Сумеречно стало на душе Олеси, пока не встретилась с глазами Лазутки — всё понимающими, ласковыми, излучающими любовь.
— Не кручинься, лебедушка. Печаль твоя скоро минует. Придет к тебе радость, поверь слову моему.
— Добро бы так, любый. Пока же неспокойно мне.
— Верю, Олеся, но всё уладится. А сейчас пора тебе отдохнуть. Будем почивать. Утро вечера мудренее.
— Хорошо, любый мой… Но токмо не тревожь меня.
— Не буду, лебедушка. Всему свой срок.
Несколько дней Олеся приходила в себя, а затем как-то подошла к бортнику и спросила:
— Где веник лежит, Петр Авдеич? Надо бы в избе прибраться.
Петруха (по отчеству его сроду не величали, да и не принято на Руси простолюдинов отчеством наделять) довольно улыбнулся и принес из сеней веник.

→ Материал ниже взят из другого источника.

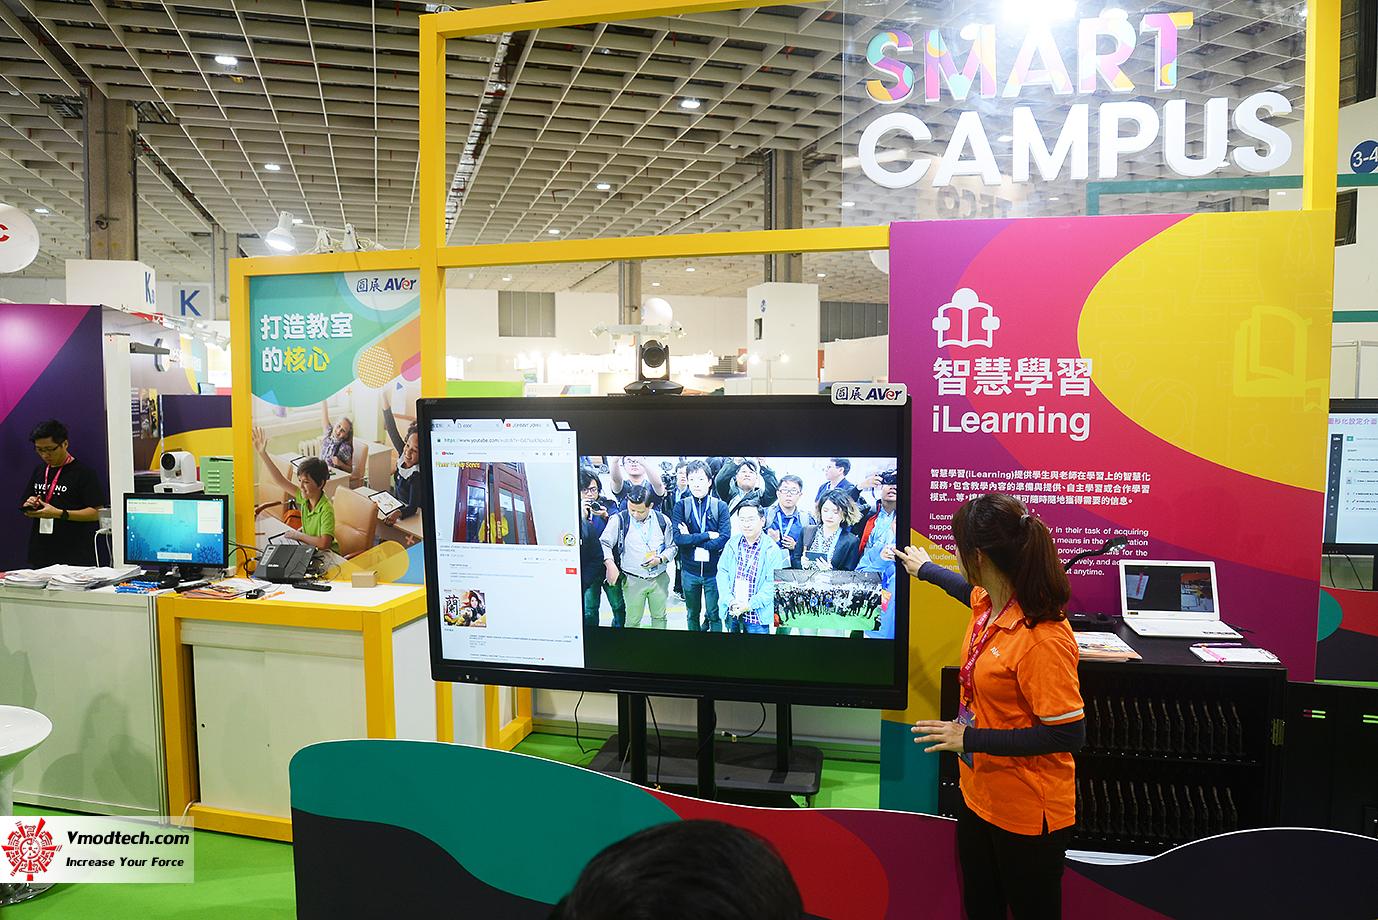 dsc 8400 เยี่ยมชมบูธ Smart Education ระบบการศึกษาอัจฉริยะในงาน 2019 SMART CITY SUMMIT & EXPO ณ กรุงไทเป ประเทศไต้หวัน
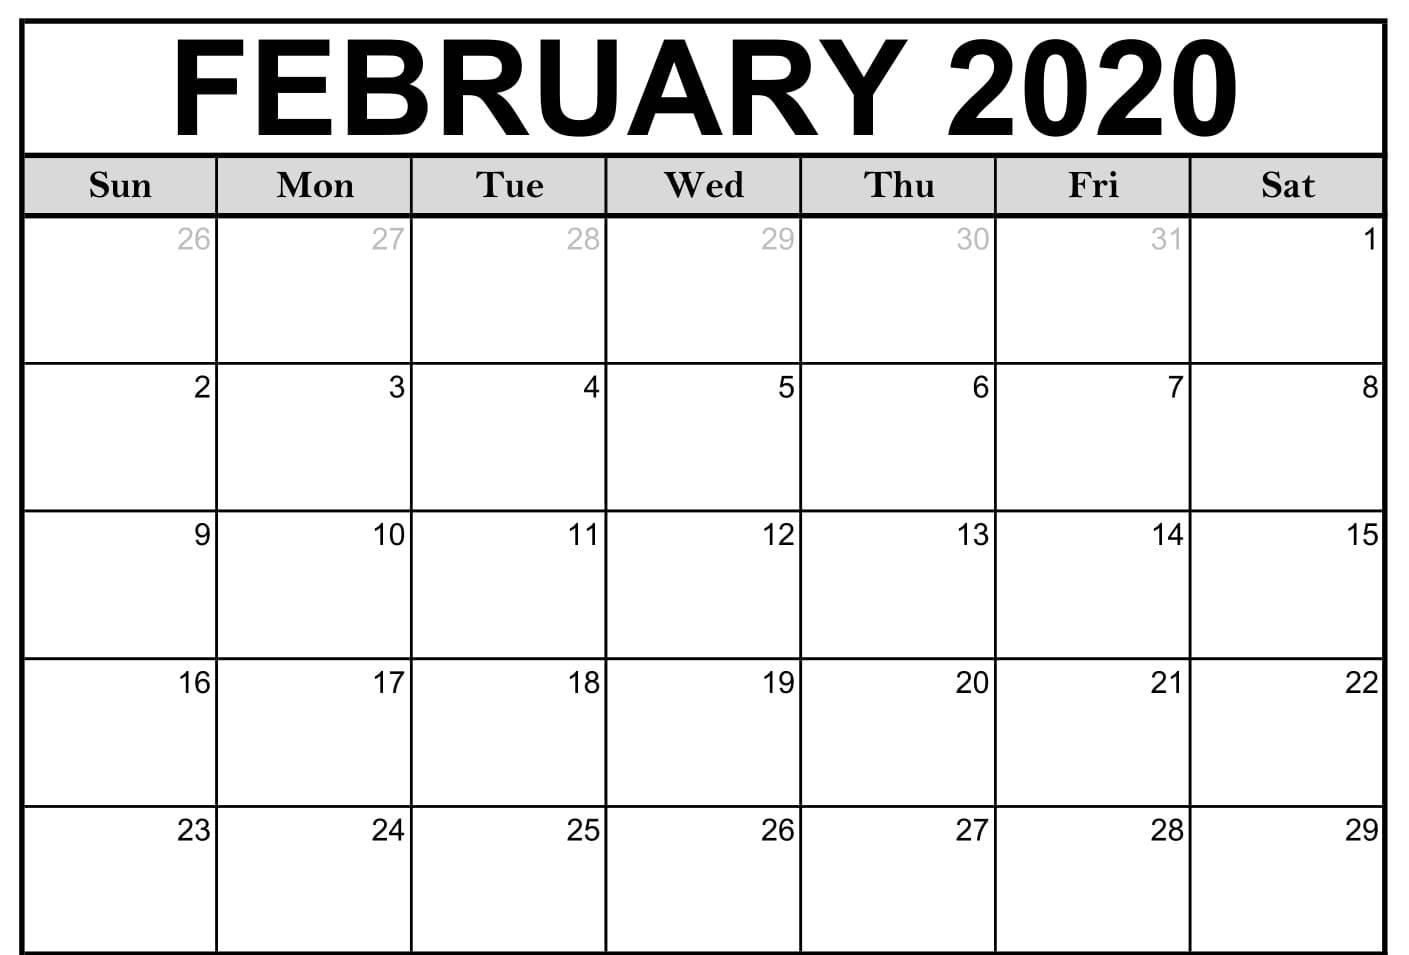 Monthly February 2020 Calendar
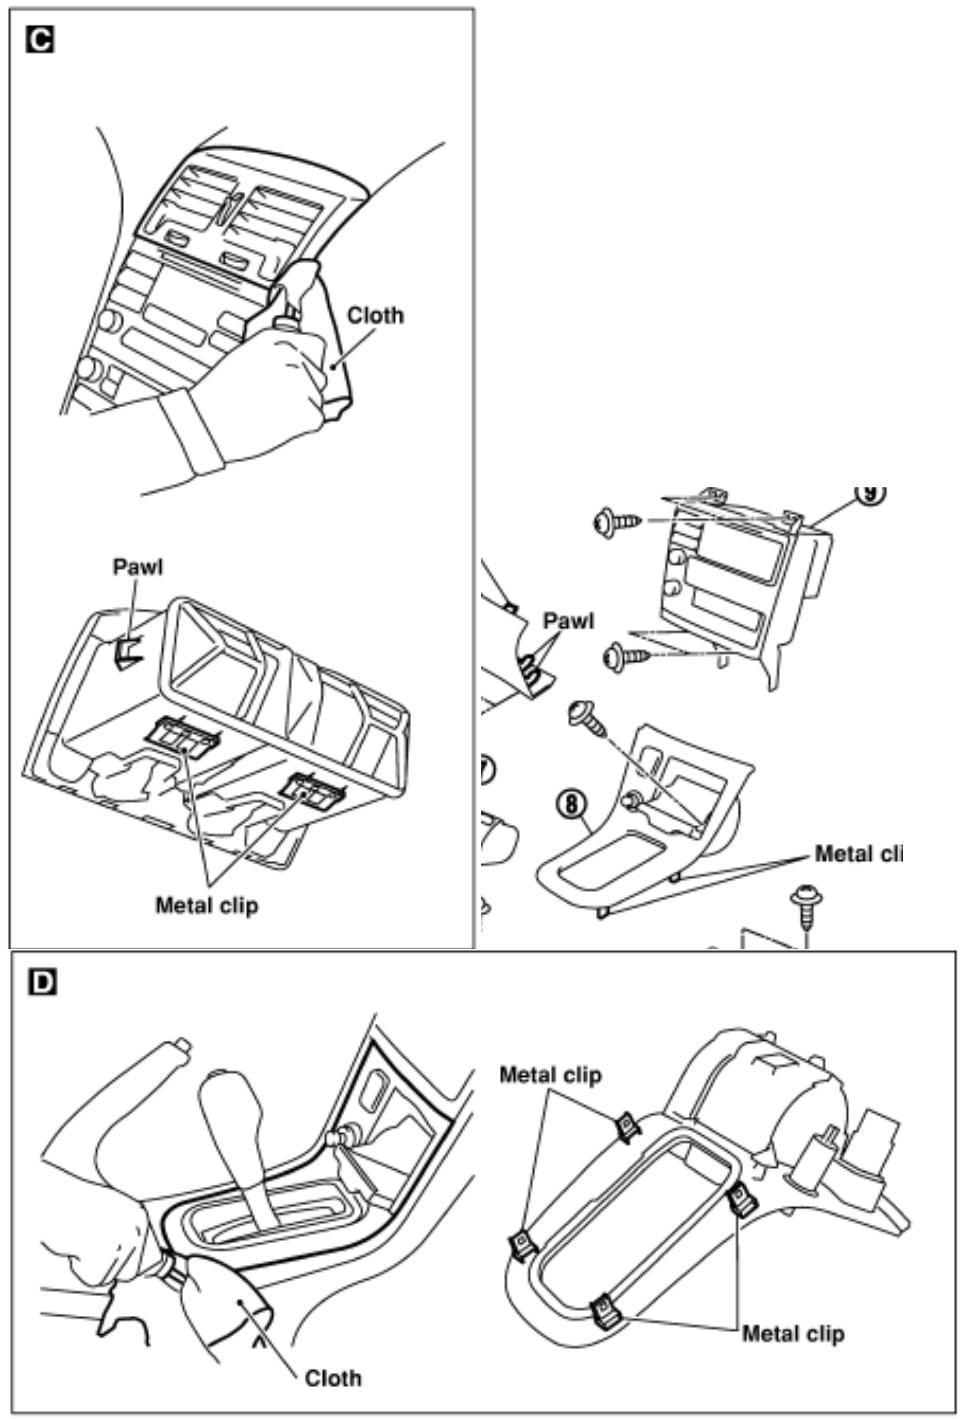 How to Fix Bose Random Speaker Cutout on 5thgen Maxima

— Ты уж прости, Олеся Васильевна, подзапустил я свои хоромы, хе-хе. Не зря говорят: без хозяйки — дом сирота. Уж так получилось, но я всю жизнь бобылем… А может, я сам подмету, доченька?
— Не мужское дело с веником ходить.
И закипела работа! Всё-то Олеся вымела, выскребла, посуду горячей водой вымыла, а затем принялась за баню-мыленку.
Петруха удвленно ахал:
— Вот те и купецка дочь! Глянь, какую чистоту навела. Сразу видно — не лежебока.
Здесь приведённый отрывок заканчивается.